Friday, December 6, 2013

How delivery drones could transform the world

FT.com

By Tim Harford
Cars kill people every day, so we will get over safety concerns, writes Tim Harford
©Getty

Amazon To Deliver Packages With Aerial Drones

Let’s not ask whether, in two years’ time, Amazon will deliver your last-minute Christmas shopping by octocopter. It won’t – the idea is a glorious publicity stunt.

The current objections to filling the skies with delivery drones are tremendous. The hovering robots are unreliable and likely to bump into things, and each other; the energy costs are high; and, of course, we look forward to Amazon fending off litigants after a miniature helicopter makes a hard landing somewhere inconvenient.

But while we tend to get excited and then disappointed by short-term techno-hype, the longer-term changes are often more profound than we expect. We typically lack the imagination to understand what they might be – nothing ever looks as dated as old science fiction. Regulatory obstacles are there to be surmounted: we already drive heavy chunks of metal around, killing people every day, so it is safe to assume that we will get over any safety concerns about drones.

So let us assume that they do one day cloud our skies. That brings us to a far more interesting question: not whether cheap, safe, legal drones will fetch our shopping, but what would the world look like if they did?

Prediction one: a sharper distinction between the hoarders and the minimalists. As the economist Tyler Cowen has pointed out, fast, cheap drone delivery allows you to keep low inventories. Say goodbye to overstuffed freezers and groaning bookshelves: the Ocado-copter will deliver whatever you need for tonight’s dinner party given 30 minutes’ notice. This is an unclutterer’s dream. But while some will use on-demand delivery to keep their homes free of unnecessary junk, many people are likely to order more than they can possibly use. For most of us, cheap, immediate access to stuff is simply going to mean – well, more stuff.

Prediction two: the high street might do better than you would think. Amazon’s current business model relies on vast, efficient warehouse hubs some distance from consumers. Parcels are dispatched from Amazon’s hub, reorganised at delivery hubs by Royal Mail or other couriers, then delivered to us at home. The speed and short range of drone delivery suggests that Amazon would need many more, smaller dispatch centres much closer to consumers. Other retailers already have these: they are on the high street. It remains to be seen whether a small, internet-only warehouse operating out of a business park around the back of the railway station will actually outcompete high-street shops serving double-duty as traditional retailers and drone-dispatch hubs.

Prediction three: home delivery would be just the start. Amazon would know where you were, and with a few swipes on a smartphone app, you could tell the drone to deliver to your office or, for that matter, to bring a Coke as you pause halfway around your morning jog. When you need that delivery of emergency insulin, you may not actually be at home. Amazon will not be delivering cocaine via drones – but somebody certainly will.

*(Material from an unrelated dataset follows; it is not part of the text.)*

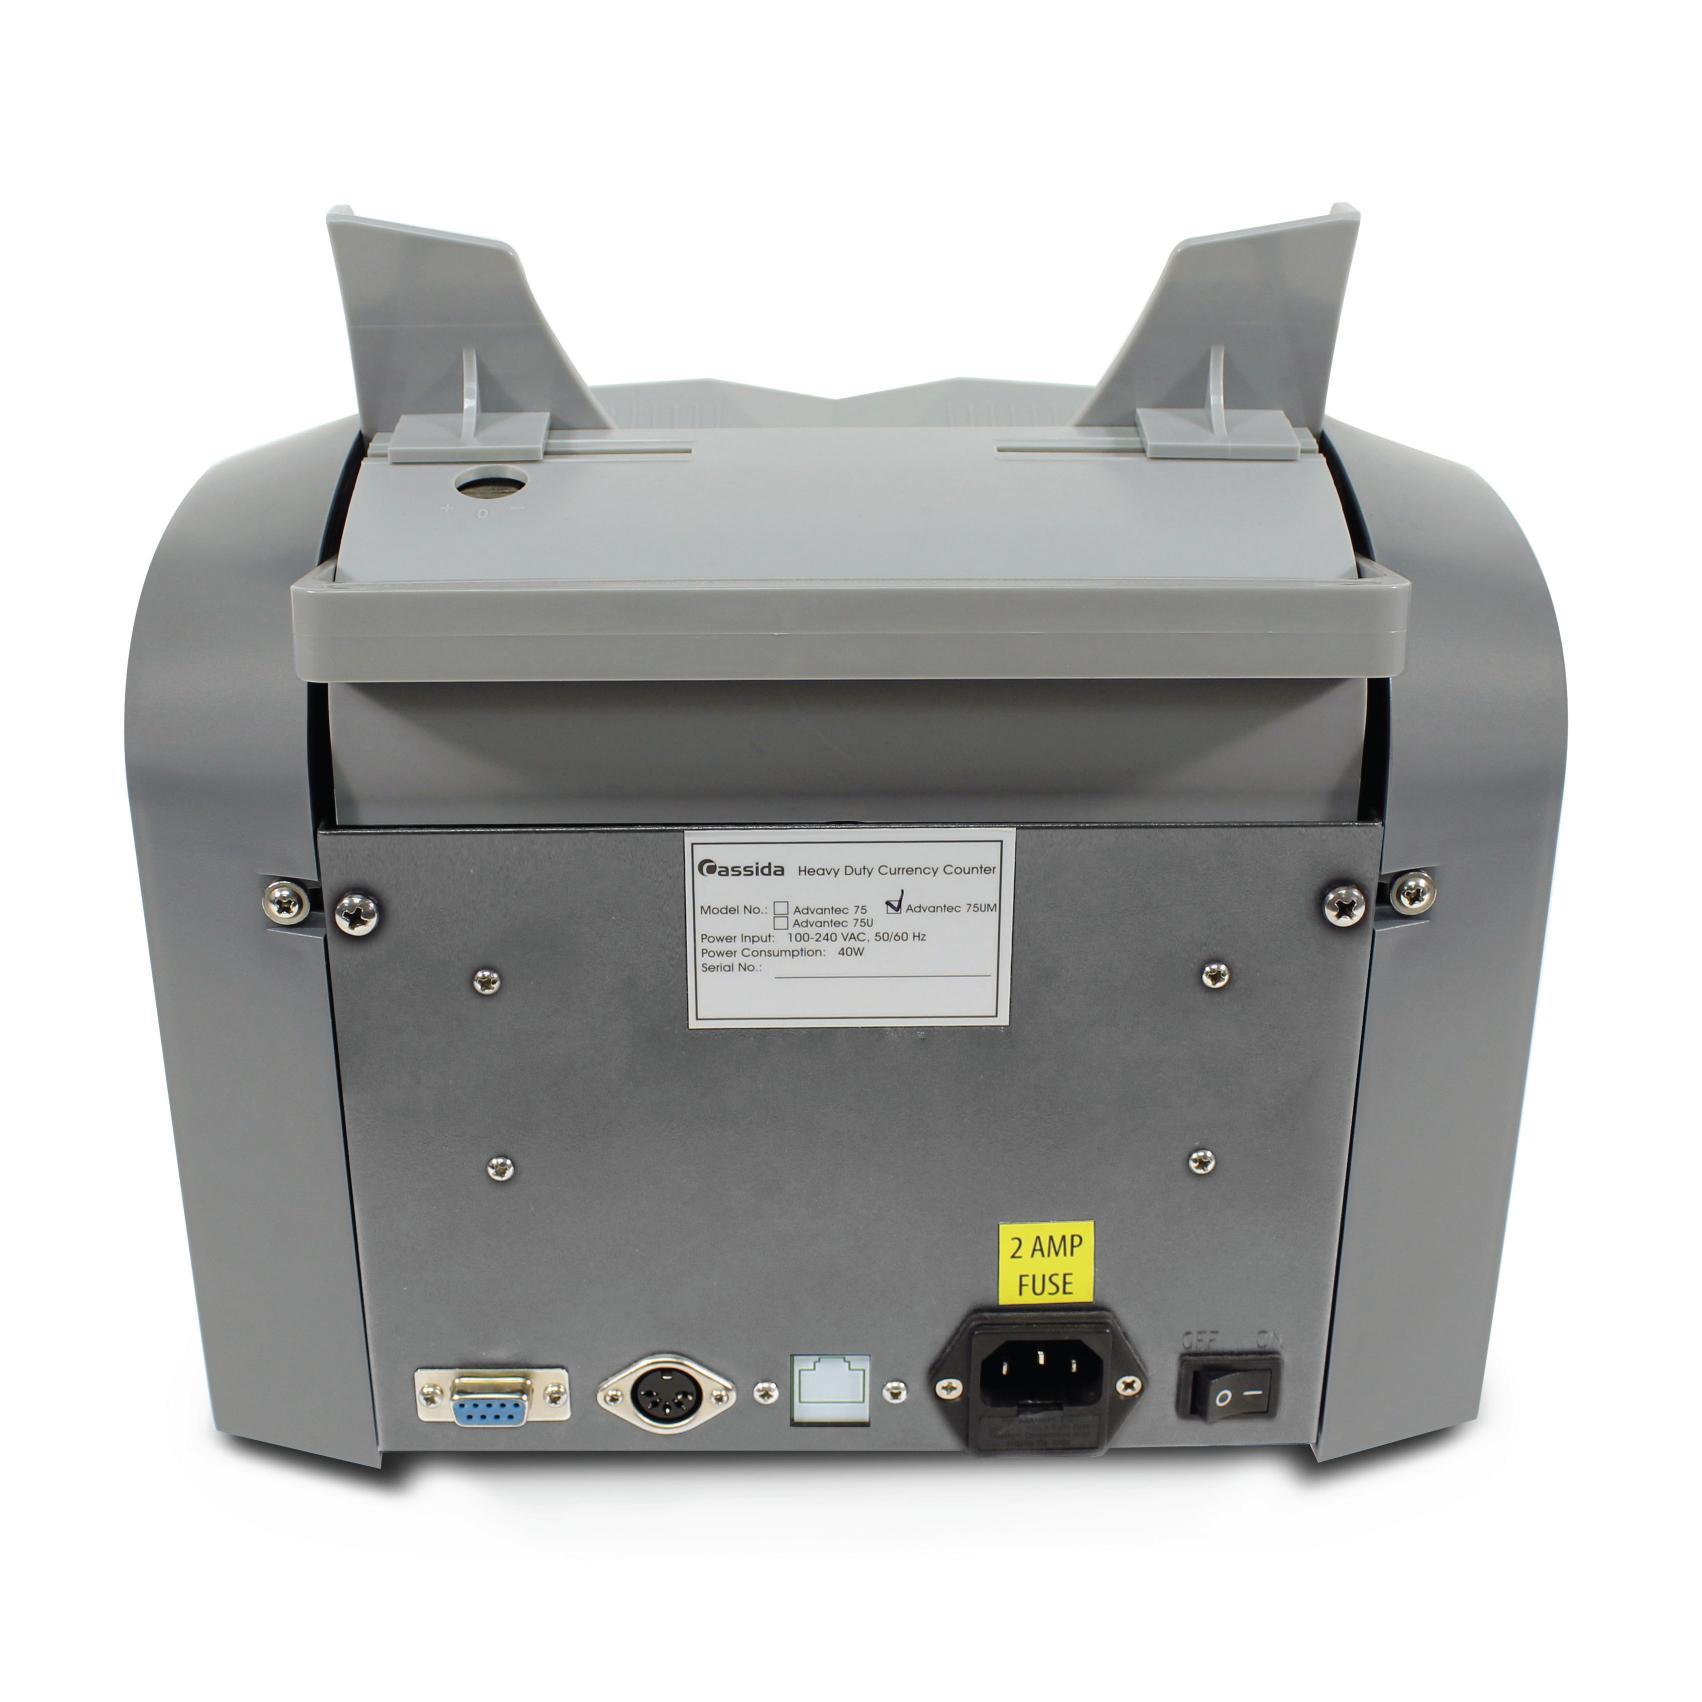 Advantec75 UV/MG

Prediction four: the real benefits may come from sharing logistics, with each individual retailer or restaurateur being able to book a slot on the drone mother ship at little notice for a low fee. (Would it be an airship? Or, more prosaically, just a robot-driven lorry that cruises slowly around the neighbourhood?) Amazon – and Google, which has pioneered self-driving cars and this week announced a push into robotics – have been pioneers in “cloud computing”, where smaller players rent computer power as a service from the big boys. The swarm of currycopters may be a less metaphorical cloud – a service that anyone needing a quick delivery can rent on a whim.

Prediction five: the suburbs will benefit. Amazon’s publicity video shows a drone flying over open countryside, but the drones seem more likely to work in urban areas. Whether anyone who lives in Brooklyn or Bloomsbury will really get excited about 30-minute delivery times is an open question: you only have to walk out of the front door to have easy access to most of what you might want in a hurry. Yet those who live on the outskirts of big population centres will see the benefits of not having to get in the car and drive to a hypermarket.

Prediction six: maybe things will not really change after all. If, 15 years ago, I promised you cheap next-day delivery of almost any product you could imagine, convenient and reliable grocery delivery, and the online streaming of cheap or free video and music, you would have predicted a retailing earthquake. What is really surprising about the high street is how little it has changed. My own local high street lost a Virgin Megastore and a Borders, but the gaps have been filled by fast-fashion retailers and a Tesco Metro.

In fact, the only prediction of which I am truly confident is that whatever the really important change will be, it will take most of us by surprise.